Па крепко сжимал поводья и поглядывал на меня через плечо. Он улыбался – широко, вздергивая губу к крючковатому носу, который, к счастью, мне от него не достался. Спасибо, мами.
– Долли, Николас! Скоро поедем по городу. А потом на вершину земель Кирван. Вы оба должны это увидеть.
Повозка катилась вперед, трясясь и содрогаясь, пересекала овраги на грунтовке. И я тряслась вместе с ней.
– Чертово лох, – пробормотал па. То было чудное ирландское название озера. Ох и хотелось же мне выучиться языку его предков, а значит, моих. Я пыталась подражать па, верно произносить слова, хотела понимать, о чем говорят плантаторы, когда поблизости солдаты в красной форме.
– Держись, мелкая д… чертовка!
Я резко повернулась к Николасу.
Он сидел на другой стороне повозки и ухмылялся. Брат прошептал не «чертовка», а более грубое слово – «дерьмовка», которое с ним рифмовалось. Произнес богохульство голосом, что жег, точно адское пламя. Если бы я проделала подобное – ма отхлестала бы меня веткой. Но его ма уже умерла. Она никогда не бывала на Монтсеррате. Сначала я жалела сводного брата, но потом он принялся меня изводить, и я перестала.
Мне было семь, ему десять, он изнемогал от жары в пыльном коричневом сюртуке и широкополой соломенной шляпе, что прикрывала его рыжевато-каштановые волосы. Тень от шляпы падала на серо-зеленые глаза и такой же ужасный крючковатый нос, как у па.
Мне хотелось ему нравиться.
Но он меня не любил.
И с каждым днем чуть больше это показывал. Когда па не слышал, Николас шептал ужасные вещи, грязно шутил о цвете моей кожи – будто я до черноты поджарилась на солнце. Не хватает только смолы и перьев, говорил он с усмешкой.
Но это не самое плохое.
Его губы извергали ложь: что па не был моим па, эти слова пронзали мои кишки насквозь. Не питать ненависти к Николасу было тяжело. Брат хотел, чтоб мне не досталось ни капли отцовской любви.
Священник, который исправил наши бумаги и записал нас с Китти как мулаток, дочерей па, проповедовал о прощении и мире.
Почему Николас не мог унять свою ненависть? Он видел священника. Был на службе в лесу, как и все остальные.
– Хочешь упасть, Долли? – Он сжал губы, будто собирался в меня плюнуть. – Твоя мать знает, как пасть низко. Все шлюхи знают!
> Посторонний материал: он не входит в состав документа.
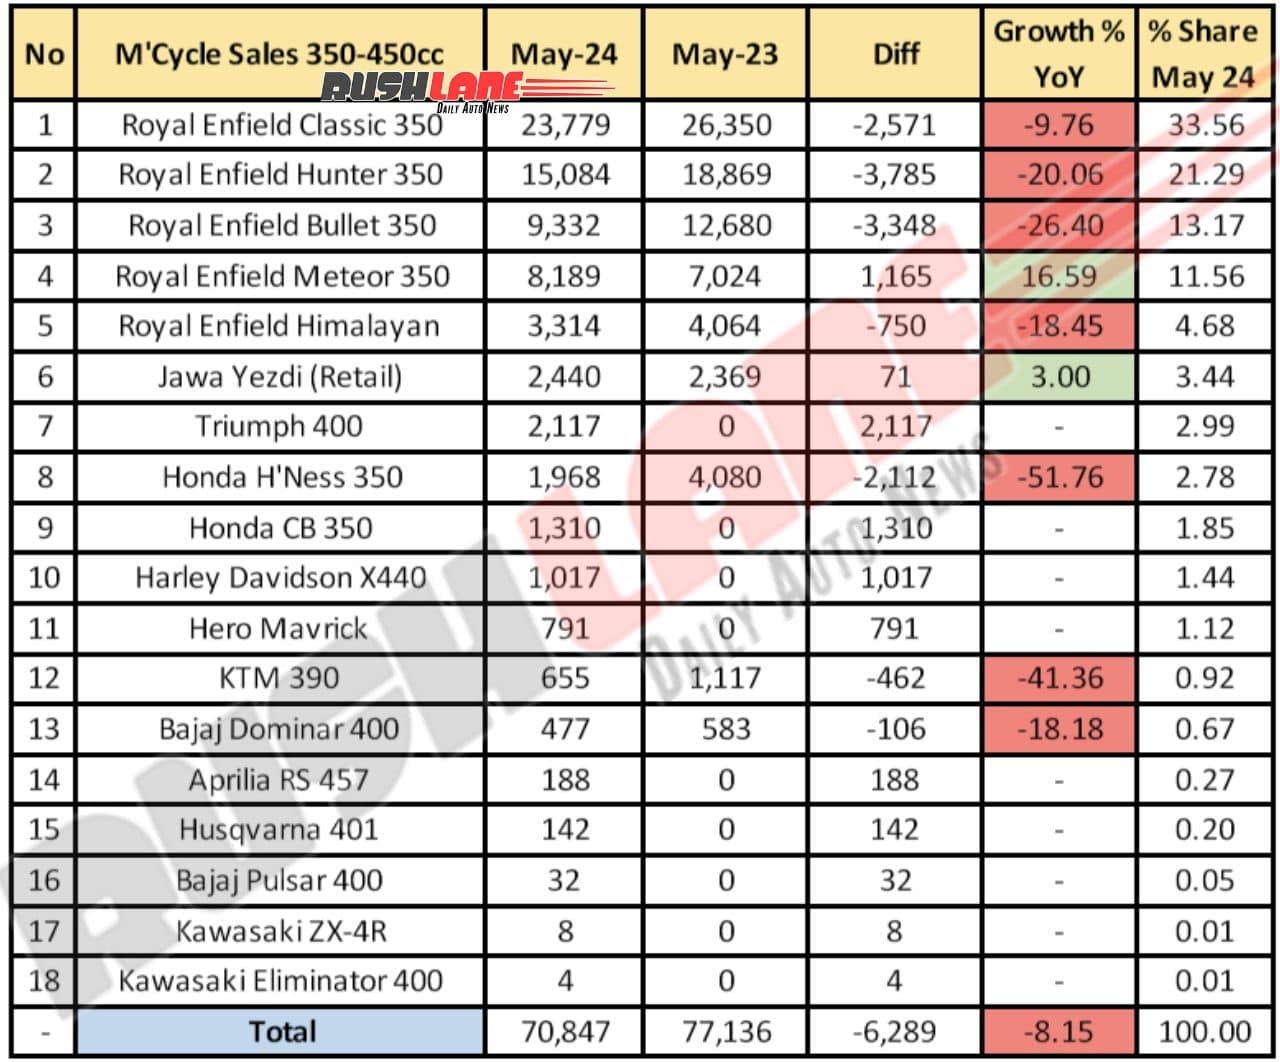 350cc To 450cc Motorcycle Sales May 2024 - YoY

Как бы так треснуть его, да не попасть в беду? На белой коже останется синяк, а меня закуют в колодки. Бить белых цветным нельзя, неважно, каких они кровей.
– Николас, о чем ты там говоришь Долли?
– Что ей здесь не место! – огрызнулся тот. – Па, надо вернуть ее твоей шлюхе, Бетти.
– А ну, умолкни, Николас. Ты еще не такой взрослый, могу и кнутом отходить.
– Моя мать не так давно умерла, а ты…
– Николас! – Па остановил повозку у обочины и поднялся с места. Тень большого мужчины легла на нас. – Николас, не говори так. Бетти не такая, как все, Бетти…
– Твоя собственность, отец. Ты купил ее у работорговца на Гренаде.
Па редко сердился, но от этих слов на шее у него вздулись вены.
– Это мои дела. Придержи язык.
– Да, сэр. – Брат сдулся и повесил голову.
– То-то же, – сказал па и плюхнулся на сиденье.
Повозка тронулась. Я отвела взгляд от брата, в горле застрял комок. Николасу не нравилась мами. Как и многим. Женщины у водоема часто подтрунивали над ней. Моя ма – любимица отца, и она ничего не могла с этим поделать. Наверное, он ее обожал. Утром отец подарил ей много отрезов ткани, у нее был лучший надел на плантации. Но услыхав, что Николас страдал, потеряв маму, – у меня-то она была, – я чуточку лучше поняла, почему он так меня ненавидит.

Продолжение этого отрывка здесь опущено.